As we threaded through the crowd, a conservatively dressed middle-aged fellow with a well-trimmed beard spoke to me. “Are you two a couple?” he asked, gazing from me to my husband, both in our Sunday Symphony best.

“Yes, we are.”

He broke into a beaming smile.

“It’s so great to have people like you here in support! This is such a great day! I never thought I would see this day!”

I didn’t tell him we were there for the symphony, but I wished him a wonderful afternoon.

“It will be!” he replied, as the crowd separated us.

I grabbed a Pride Guide to the festivities from a street stall and perused it while waiting for the symphony to begin. The performance was terrific – the first concert performance of the complete musical, Leonard Bernstein’s “West Side Story,” led with gusto by Bernstein’s friend and protégé, Michael Tilson Thomas. The lead singer, minor TV star Cheyenne Jackson, has an amazing vocal range and great ability to sell a song. He was also listed in the Pride Guide as one of the Celebrity Grand Marshals of the Gay Pride Parade.

At intermission, we wandered out to the balcony, from which we could see a corner of the celebration still going on at United Nations Plaza.

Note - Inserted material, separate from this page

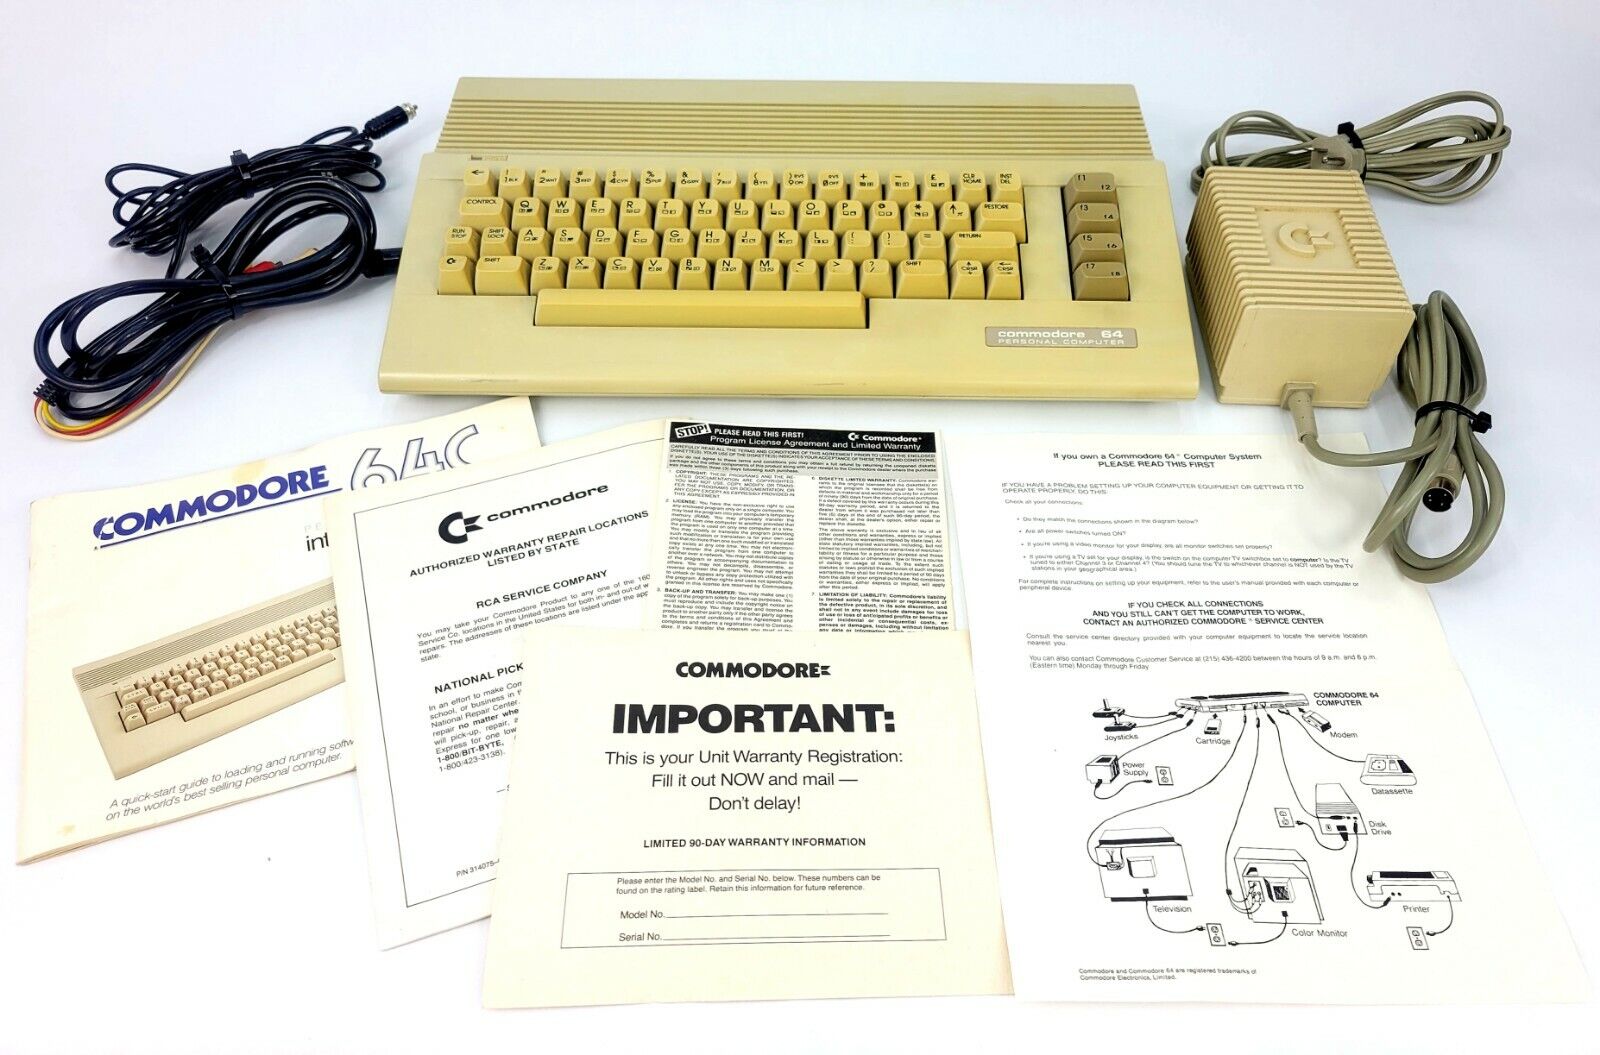 Vintage Commodore 64C Personal Computer w/Manuals & Power Supply - TESTED
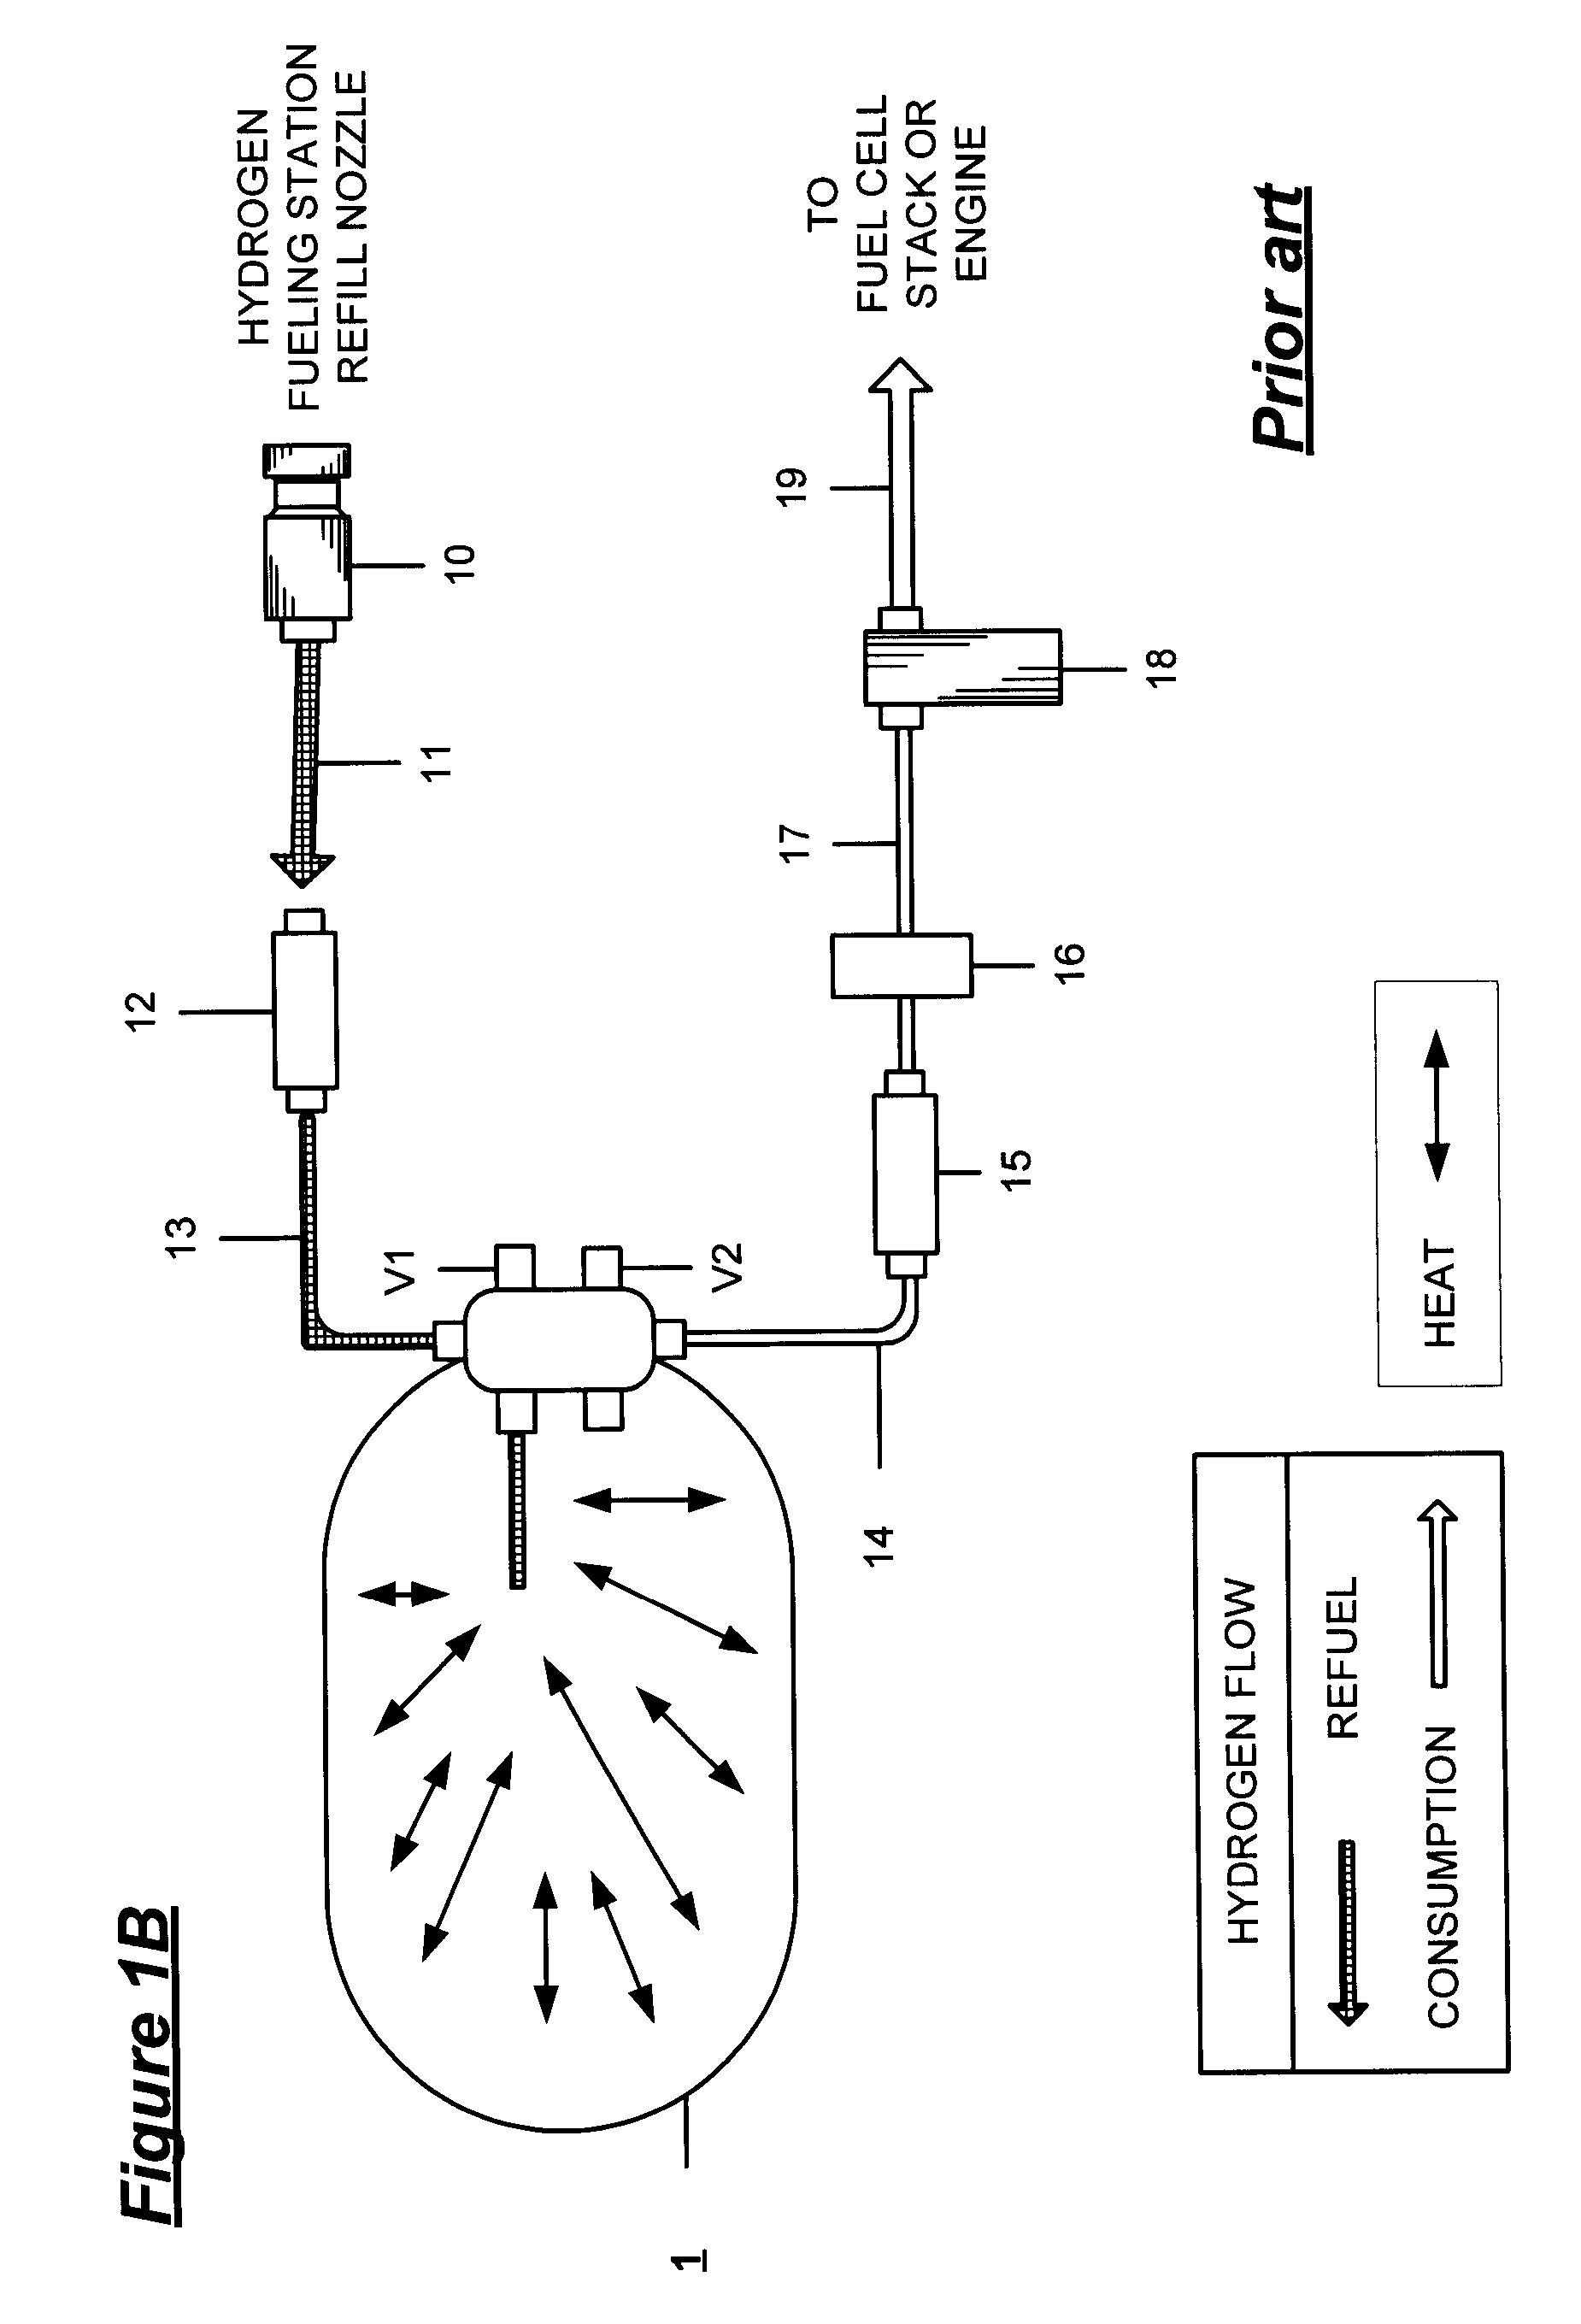 Pressure Powered Cooling System for Enhancing the Refill Speed and Capacity of On Board High Pressure Vehicle Gas Storage Tanks

Traffic was at a standstill on Van Ness Avenue, and people in costumes, carrying balloons, flourishing signs and holding hands were crossing below, waving up at us on the balcony. We waved back.

After the concert, we made our way through the packed throng to the BART station. We passed a group of people shouting and dancing along with a rap group on one of the side stages. We walked by another side stage where a cheerleading squad was performing acrobatic flips and pyramids.

The BART station was solid people, a big friendly mob – no pushing, no elbows, just laughter at our common sardine-hood. We inched our way to the turnstiles, where a guard was assisting people with Clipper cards – we made it through. I have never seen a BART train so crowded, but a young couple in cutaway jeans and pink tank tops jumped up and offered us their seats.

It was a party. It was raucous and joyful and sweet. There are different opinions about the Supreme Court decision and about what marriage means, but it is hard to resist something that made so many people so plainly, euphorically, unreservedly happy on a gorgeous San Francisco afternoon.